# Stocking A 125!!!



## Cichlidman14 (Jul 17, 2013)

Hello, after 2 months, my 125 has been result ones and is holding water. Water tested it twice for a day at each time and no leaks right now I'm currently cycling the tank. I have an oscar that I'm growing out for the tank so i want to go with Central Americans. Would a male red terror be suitable with the oscar my LFS has an 8 inch male crammed with other big fish and I would love to get him. Also could I have any other tank mates with my proposed stocking list?


----------



## Iggy Newcastle (May 15, 2012)

I'd skip the RTM. They're very aggressive. And adding a fish at that size is asking for trouble. The Oscar and Festae are SA fish.


----------



## Cichlidman14 (Jul 17, 2013)

I know the oscar is south American but what could I add to my tank with the oscar? There is an annual auction for my fish club and they have a vast majority of cichlids to purchase. Anyone's i should look out for?


----------



## BC in SK (Aug 11, 2012)

Cichlidman14 said:


> what could I add to my tank with the oscar?

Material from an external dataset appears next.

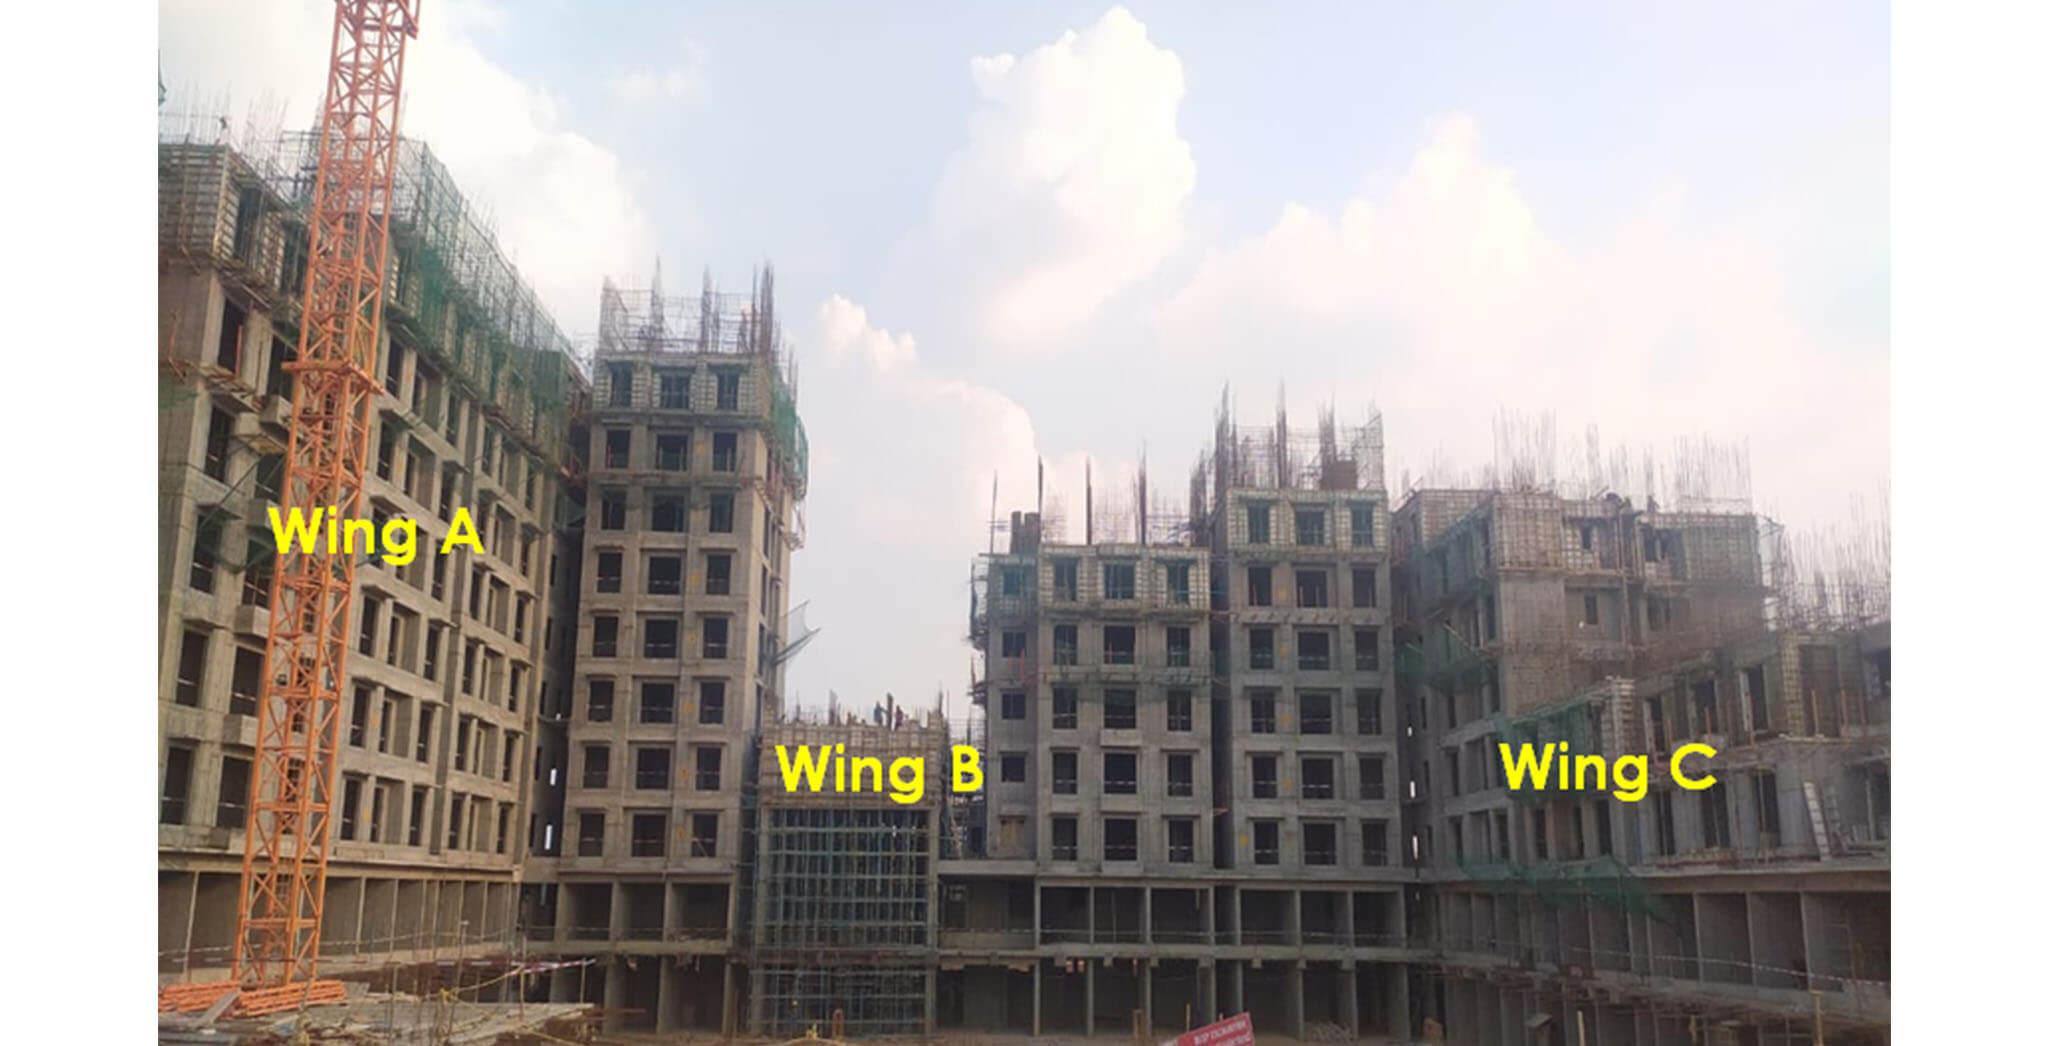 Apr 2021 - Helio Block: North elevation—Overall progress

There are a lot of cichlids that could work out fine with an Oscar.
Some of the SA cichlids such as severum, blue acara, chocolate cichlid, uaru ect. usually have a pretty good chance of working out well with an Oscar.
CA cichlids are usually more aggressive then these SA fish. IME, probably a better chance of an Oscar working out well with some of the smaller CA just because they are in a different weight class and likely a little less competitive with each other. For example convicts (and other Cryptoheros species) or firemouth (and other Thorichthys species). JD and nics are some other possibilities though IMO a greater chance of an Oscar getting bullied at least at some point in time.

Yes, it is sometimes possible to keep Oscars with the very large aggressive CA. It's very hit and miss. Usually you need big tanks and many large tankmates....and even then it is not uncommon for Oscars to end up getting picked on or bullied too much. Especially growing up, Oscars are not very capable and often end up at the bottom of the pecking order. I would consider festae, although they come from SA, to be the same as the very large aggressive CA.


----------



## Cichlidman14 (Jul 17, 2013)

I have a fire mouth in a 55, could i do a the red terror( or jack dempsey) with the oscar and a pair of convicts?
Stocking:1 firemouth 
1 oscar
1 red terror( jack dempsey)
Pair of convicts


----------



## Cichlidman14 (Jul 17, 2013)

Also have an electric blue acara that I'm growing out.


----------



## BC in SK (Aug 11, 2012)

Cichlidman14 said:


> 1 red terror


Never any sure thing that cichlids will get along; no way of predicting the future. 
But I suspect you are very much under estimating the potential aggression of this kind of fish. Not sure what you have kept in the past as far as far as large CA? 
I would place it in the same league/group of aggression with other large CA like RD/midas, trimac , jag, even dovii, ect.
Lots and lots of variables, and fish can be very different at various points in their life. If you go that route you got to have some kind of back up plan; some ability to move fish around.
The fact that they would be the only large fish doesn't bode well for the Oscar. Long term, odds are fairly slim for that working out in a 125 gal.


Cichlidman14 said:


> ( jack dempsey)


Yeah, maybe. had these 2 work fine many times. also had JD bully Oscars at times, as well. 
Certainly better if the Oscar get's big and dominates....though despite the size difference that is not always the case.


Cichlidman14 said:


> Pair of convicts


No guarantee that a pair will work out.
I breed cons in the cichlid community tank.....but I always have some tankmates that can stand up to them. 
If there isn't anything to stand up to them, they COULD take over the whole tank and push everything into the corners. No saying whether an Oscar will be able to contain them into a smaller area.


Cichlidman14 said:


> 1 firemouth





Cichlidman14 said:


> electric blue acara


I think these options are fine.


----------



## Cichlidman14 (Jul 17, 2013)

so 
1x oscar
1x jack dempsey
1x firemouth
1x eb acara
And the convict pair is a hit or miss.


----------



## Iggy Newcastle (May 15, 2012)

Cichlidman14 said:


> so
> 1x oscar
> 1x jack dempsey
> 1x firemouth
> ...


That's a lot for the 125. Why not try the Oscar with the two fish you already have? Avoid the pair of cons and JD, which have a higher chance of causing you problems.


----------



## Cichlidman14 (Jul 17, 2013)

3 fish for that size tank? I understand the oscar and jack can reach 1 ft+ but I couldn't have the firemouth mixed in with them?


----------